ReAct (Yao et al., 2022) interleaves a free-text "thought" with each action so the model commits to a rationale before calling a tool. With native tool-use APIs, the "thought" is now usually rolled into the model's hidden reasoning (Claude's extended_thinking, OpenAI's o-series internal CoT). On models without thinking, you still get a measurable lift by asking for it explicitly.


import anthropic

client = anthropic.Anthropic()

SYSTEM = """You are a research agent. For every step, output a  block
with: (1) what you know, (2) what's missing, (3) which tool you'll call and why.
Then emit the tool call. After the tool returns, repeat until you can answer."""

resp = client.messages.create(
    model="claude-opus-4-7",
    max_tokens=2048,
    system=SYSTEM,
    tools=[
        {"name": "web_search",
         "description": "Search the public web. Returns top 5 snippets.",
         "input_schema": {"type": "object",
                          "properties": {"query": {"type": "string"}},
                          "required": ["query"]}},
    ],
    messages=[{"role": "user", "content": "Who won the 2025 Turing Award and for what?"}],
)

3. Planning vs Reactive Agents

Two patterns dominate:

Reactive (ReAct-style): one tool call at a time, decide the next step from the last result.

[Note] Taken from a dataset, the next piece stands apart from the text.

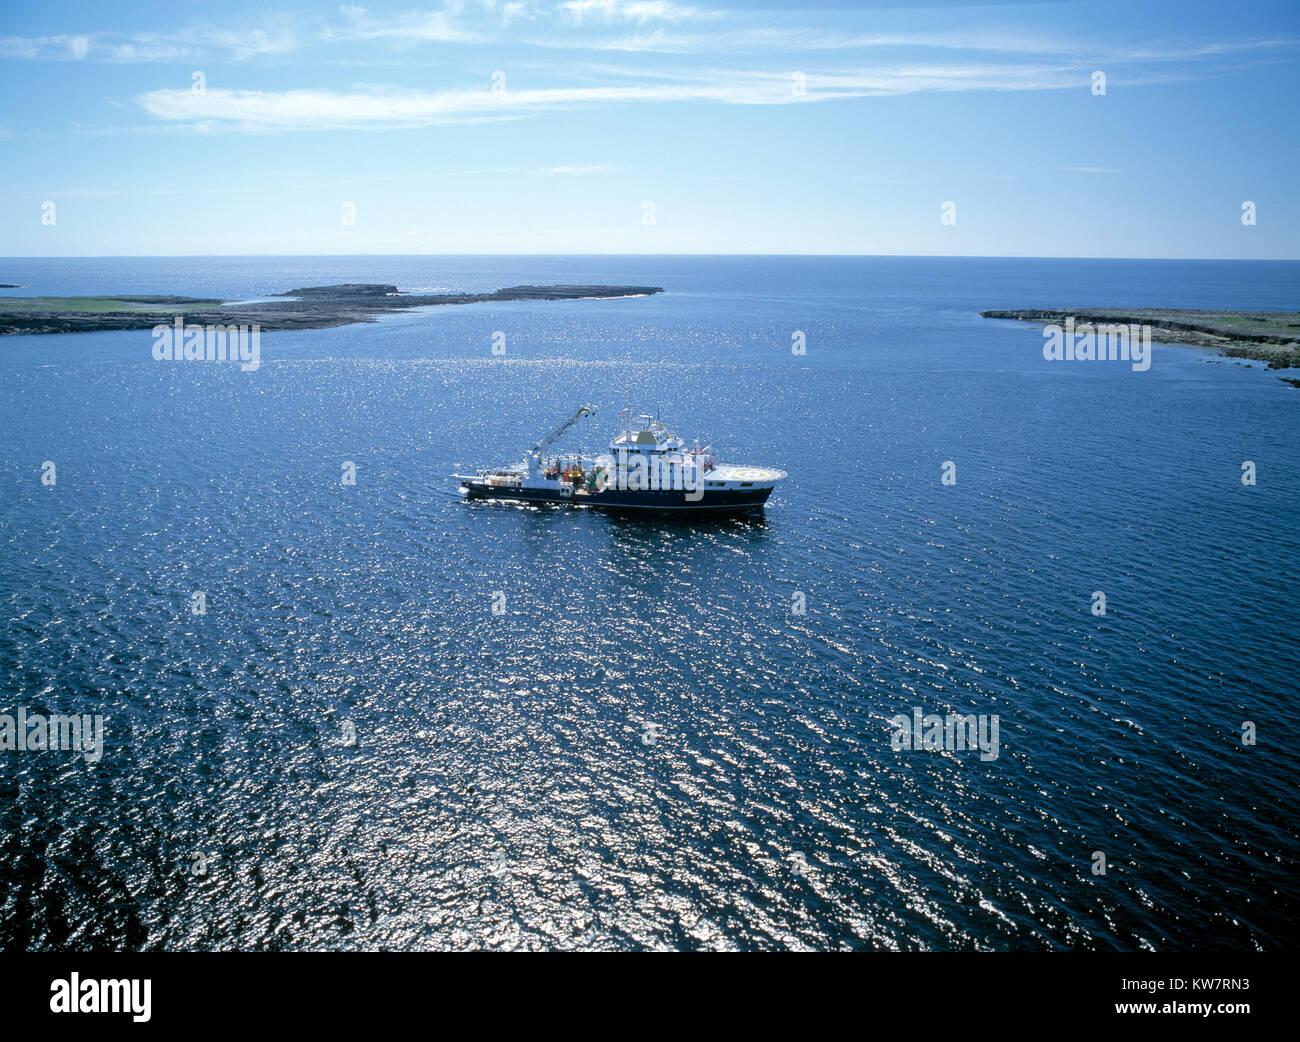 iriish lights service ship off west coast of ireland Stock Photo

Cheap, robust, but slow on long tasks because each step is a full round-trip.
Planning (Plan-and-Execute): first call asks the model to produce a plan (a list of subtasks); a worker loop executes each subtask; an optional replanner adjusts when steps fail. Far fewer total LLM calls on long tasks; brittle when the plan is wrong.


# Plan-and-execute skeleton.
plan = llm.create(
    model=MODEL,
    system="Decompose the user task into a numbered list of atomic subtasks. "
           "Each subtask must be completable with a single tool call.",
    messages=[{"role": "user", "content": user_request}],
).text

subtasks = parse_numbered_list(plan)
results = []
for step in subtasks:
    out = run_react_loop(step, tools=TOOLS)   # short reactive loop per subtask
    results.append(out)

final = llm.create(
    model=MODEL,
    system="Synthesize the subtask results into a final answer.",
    messages=[{"role": "user", "content": json.dumps({"task": user_request,
                                                       "results": results})}],
).text

Rule of thumb: reactive for tasks under ~5 steps, planning for anything longer or where step ordering matters (e.g., refactoring across files).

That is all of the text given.